There is a positive correlation between on the one hand, business success in China and on he other hand, a solid understanding of the Chinese culture. Many companies take several years before starting to make profit because of cultural difference. In this case, understanding of Chinese culture has a high influence on a company’s ability to forge business relation with supplies as well as customers.

Relationships, as opposed to rules, influence business operations in China. A company must be able to establish strong relationship with its partners before they can be able work together. Without a strong relationship, Chinese partners are not able to have confidence with their partners and this could lead to ineffective cooperation.

The Chinese government is highly involved in business dealings at various levels. In this case, the government has a direct or indirect involvement in business at national, provincial and municipal level. The perception of quality in China differs from that of countries in the West. Chinese companies can compromise quality by changing the inputs, procedure and other factors.

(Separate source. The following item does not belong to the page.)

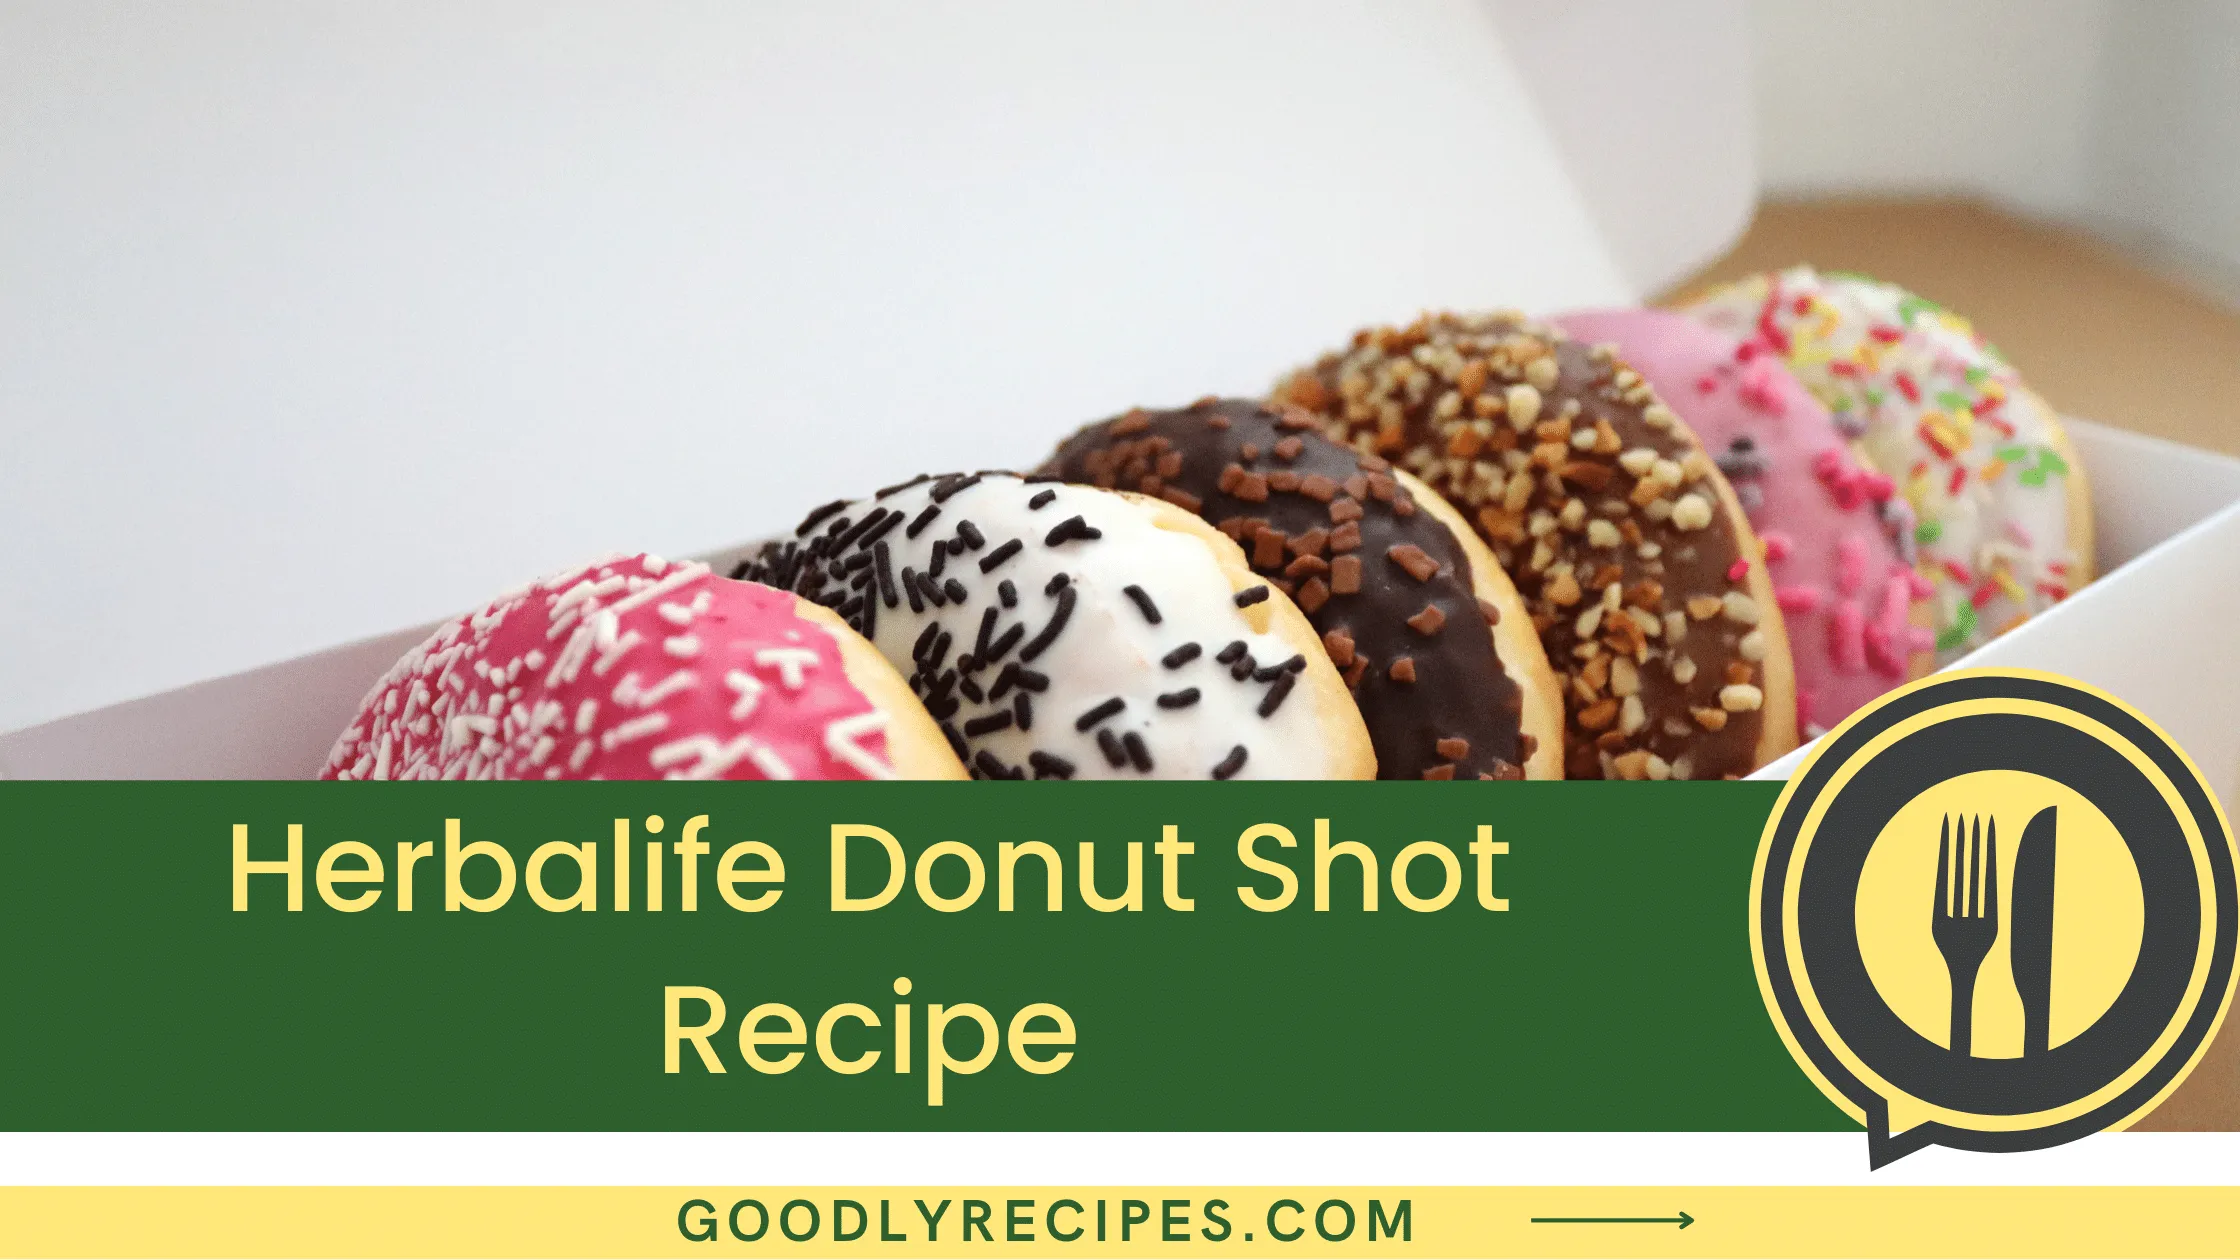 Herbalife Donut Shot Recipe

In China, language barrier is the major challenge to communication. Therefore, doing business in China requires knowledge of the language or an involvement of translators. To succeed in China, Australian companies needs to understand the Chinese culture, establish a strong business relationship with partners, supplier, distributors and customers, and use Chinese management and staff to bridge communication and cultural barriers. Translators should be utilized for communication while multicultural training can be used to ensure smooth working between Chinese and other workers.

Background

International trade is among the strategies employed by Australia to achieve economic development. Australian’s economy is one of the strongest in the world. International business is viewed as one of the ways through which a country’s economy can expand, create wealth, and provide employment for the Australian population. Australian companies have been looking for business opportunities in different parts of the world. Companies invest in different sectors such as education, manufacturing, agriculture, transport and communication, among others.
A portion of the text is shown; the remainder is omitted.